● Task prompt: When you reach the line with "The Blend Compadres", transcribe it and each line after it through the last one below, exactly. Pictures stay out.

● Information provided:
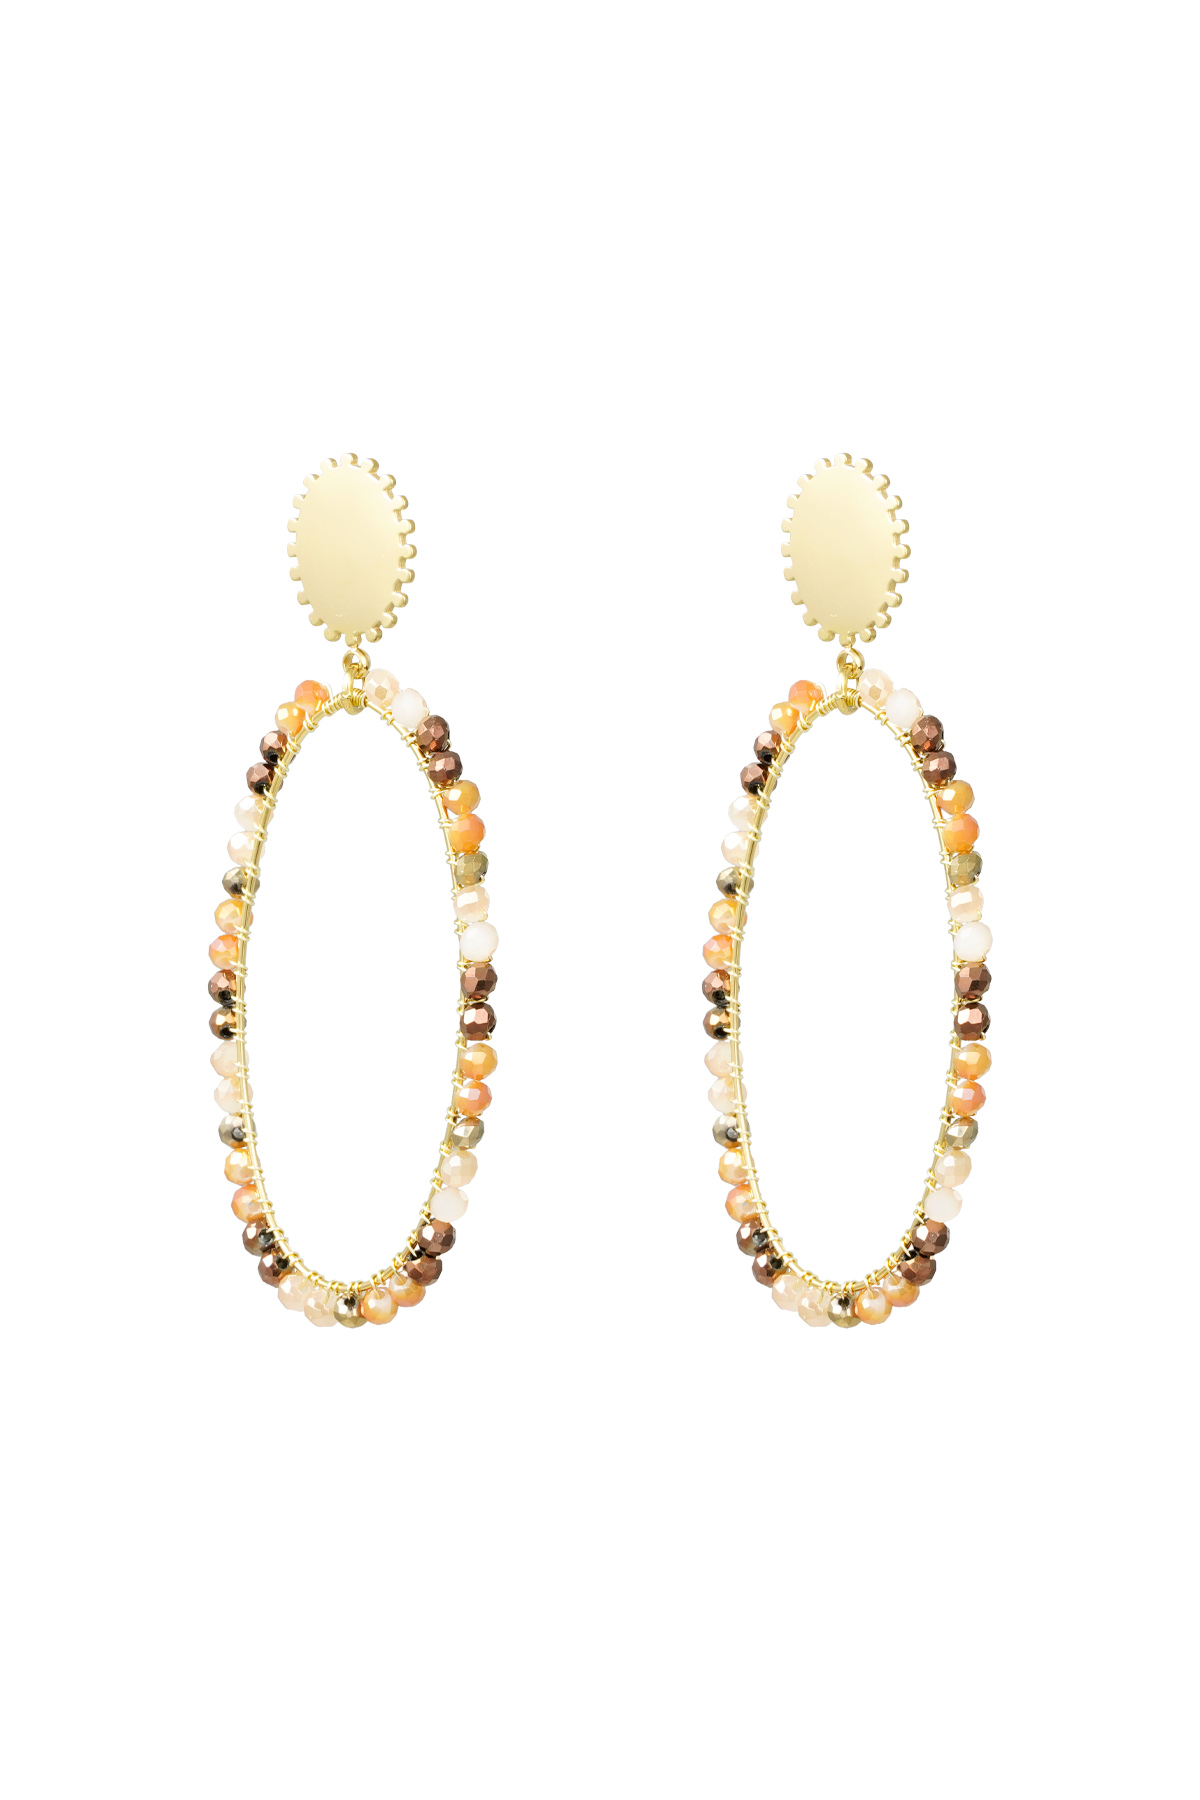 Elongated earrings with beads - gold/beige 
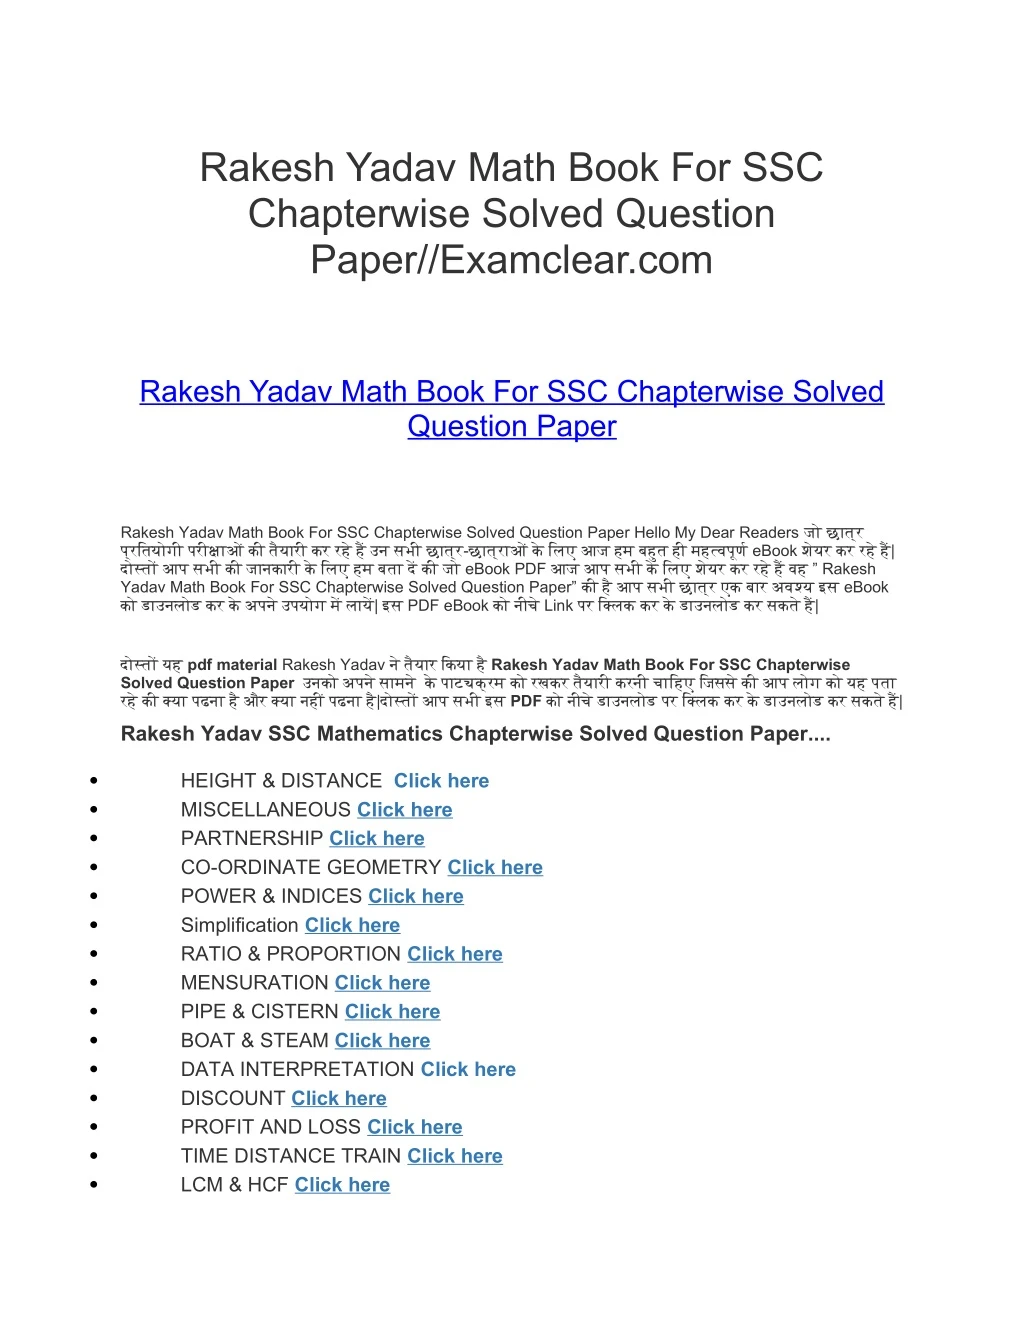 rakesh yadav math book for ssc chapterwise solved
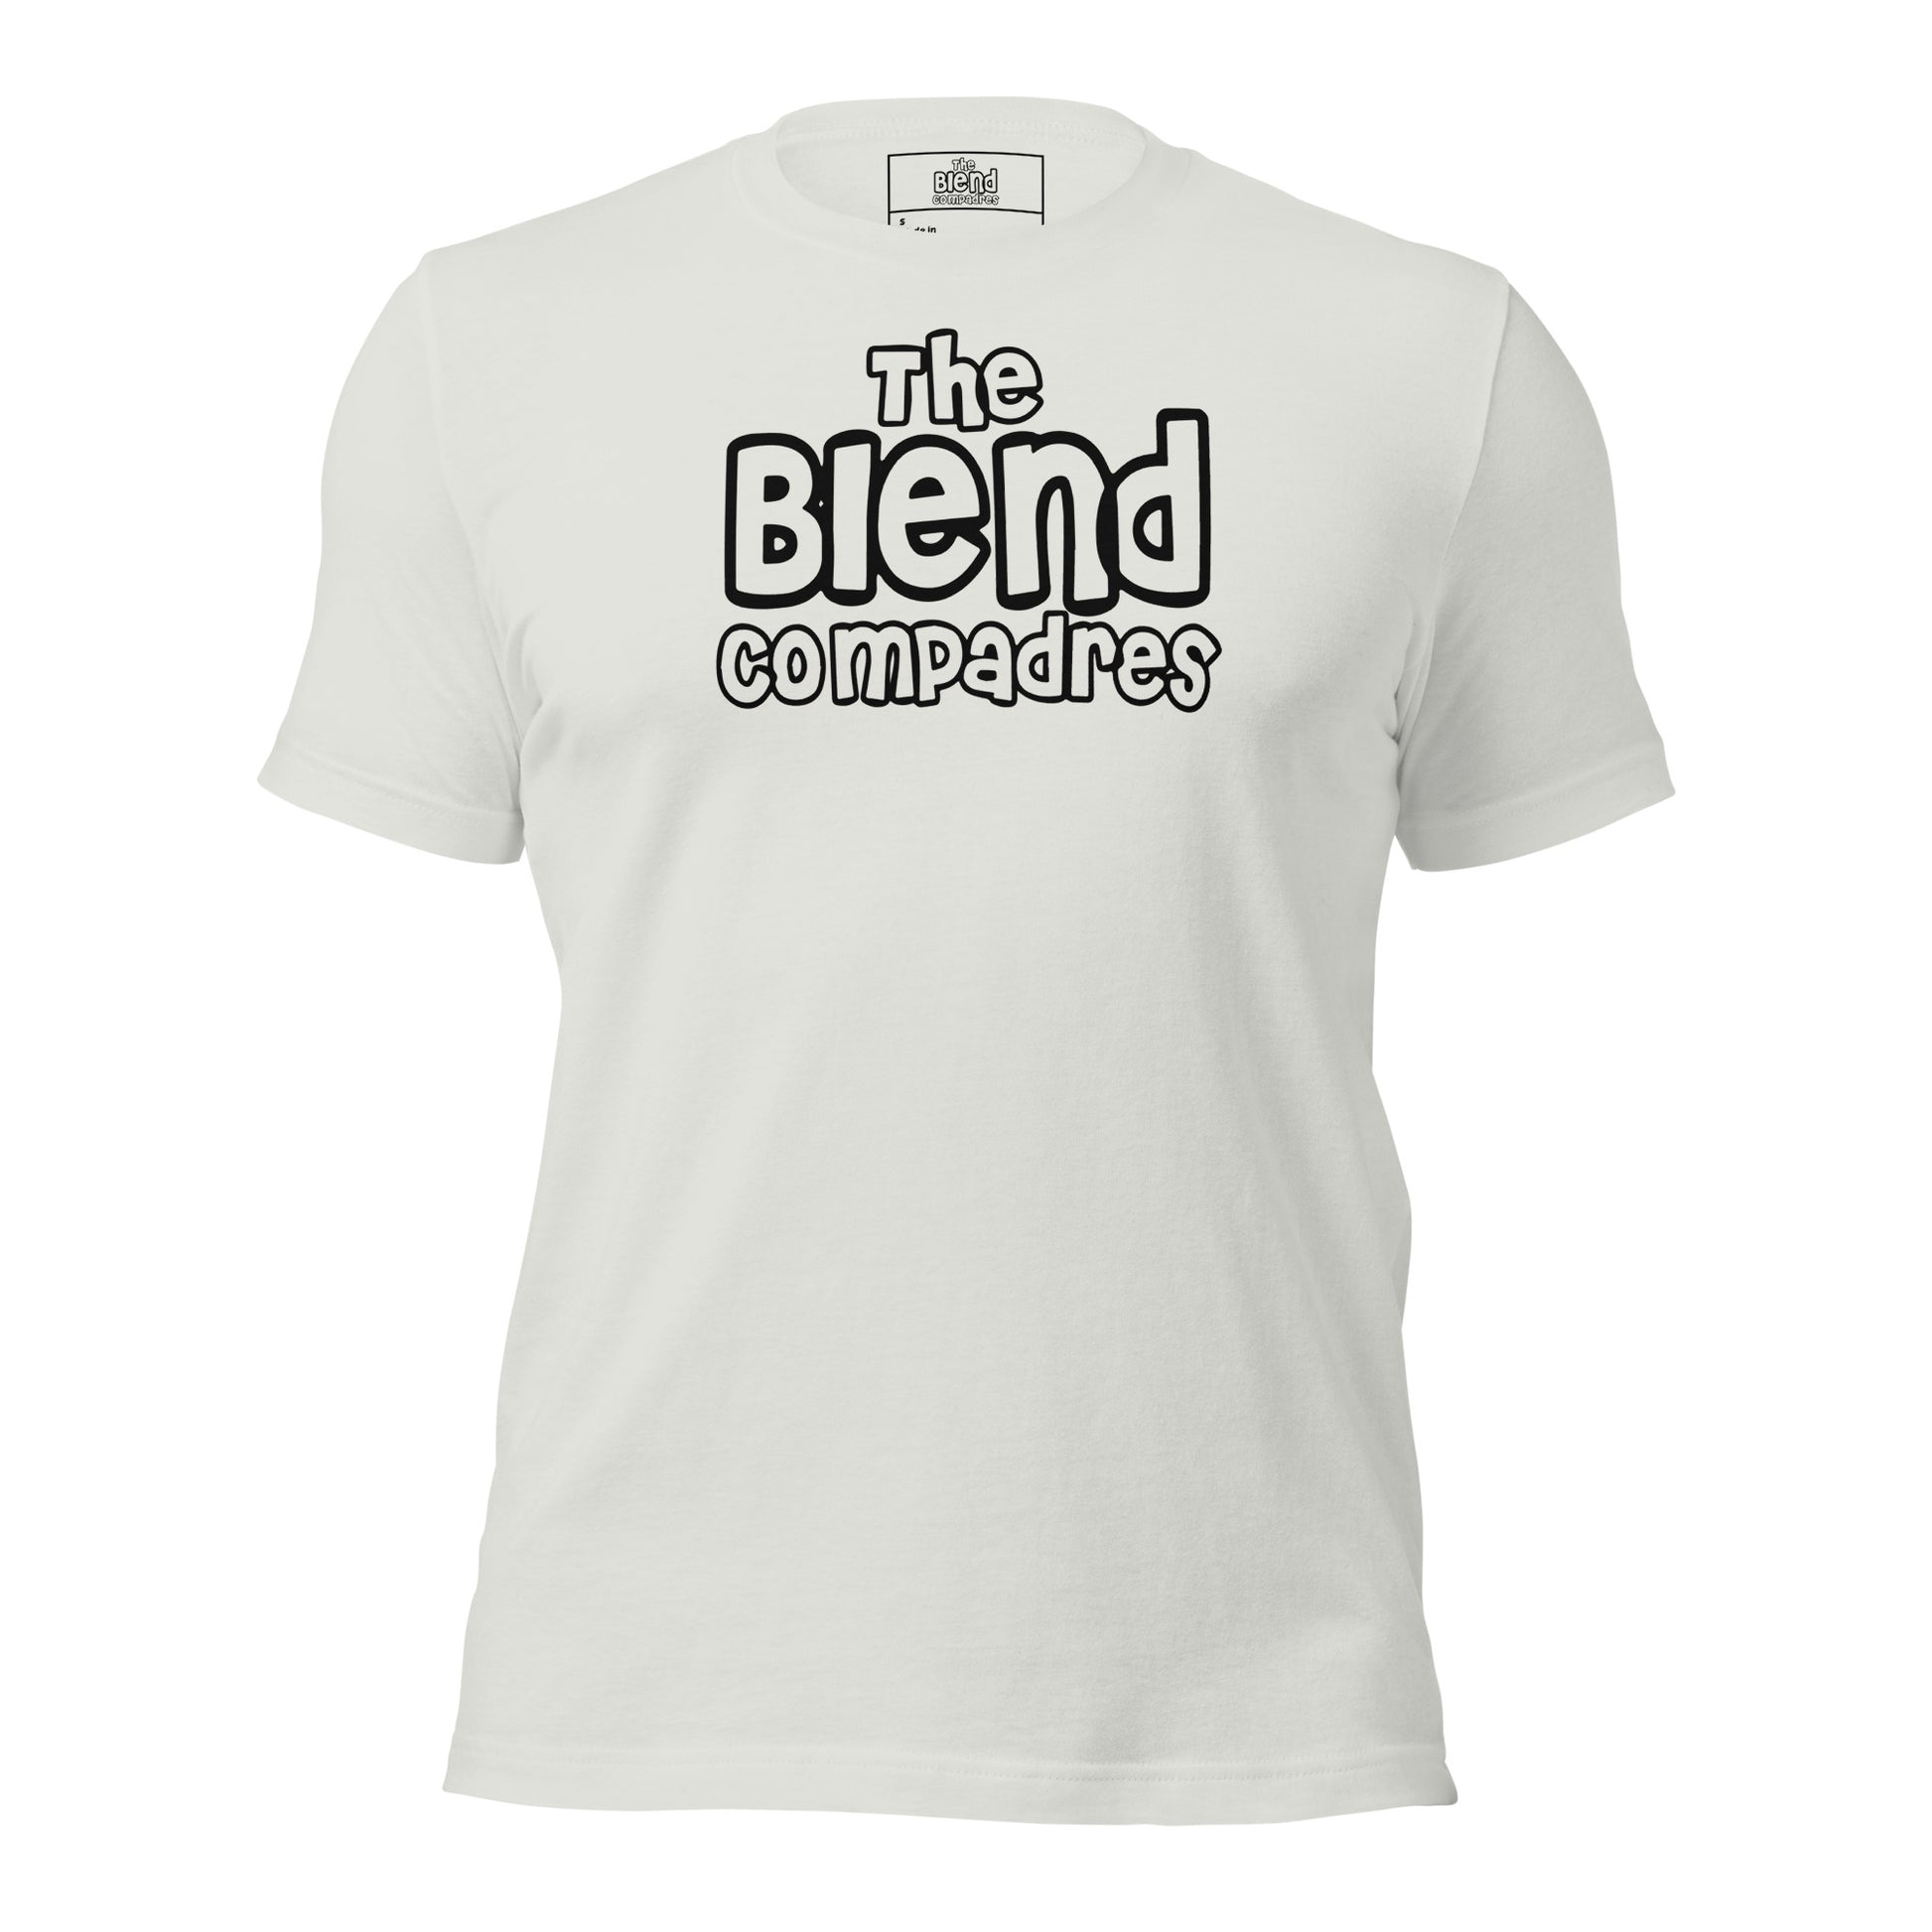 The Blend Compadres Unisex t-shirt - Another Bodega
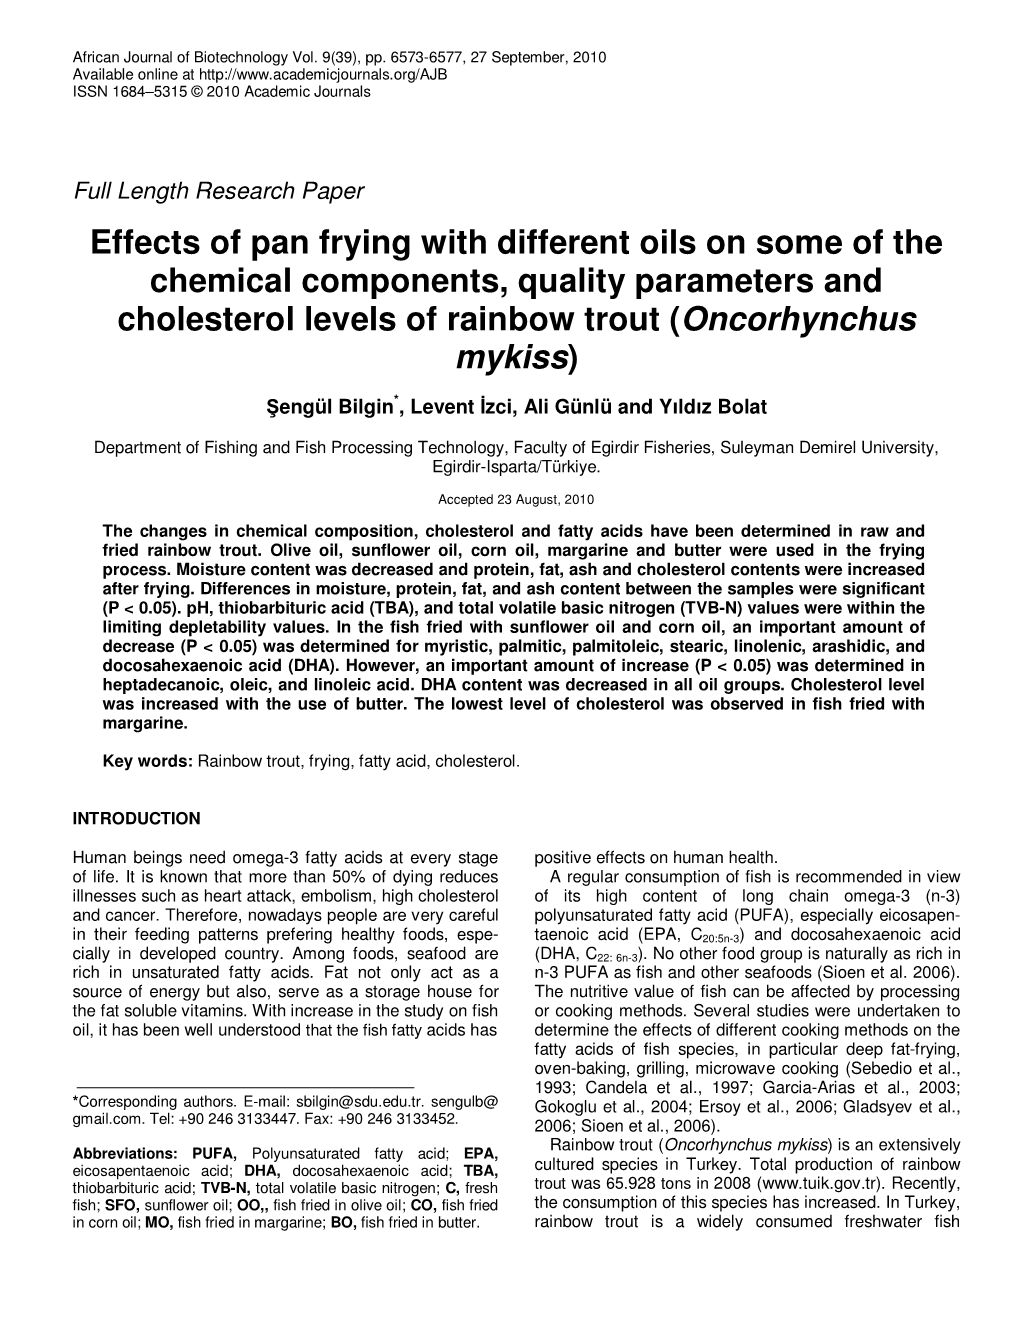 Effects of Pan Frying with Different Oils on Some of the Chemical Components, Quality Parameters and Cholesterol Levels of Rainbow Trout (Oncorhynchus Mykiss)

● Solution for this exercise:
 The Blend Compadres Unisex t-shirt - Another Bodega
 Effects of Pan Frying with Different Oils on Some of the Chemical Components, Quality Parameters and Cholesterol Levels of Rainbow Trout (Oncorhynchus Mykiss)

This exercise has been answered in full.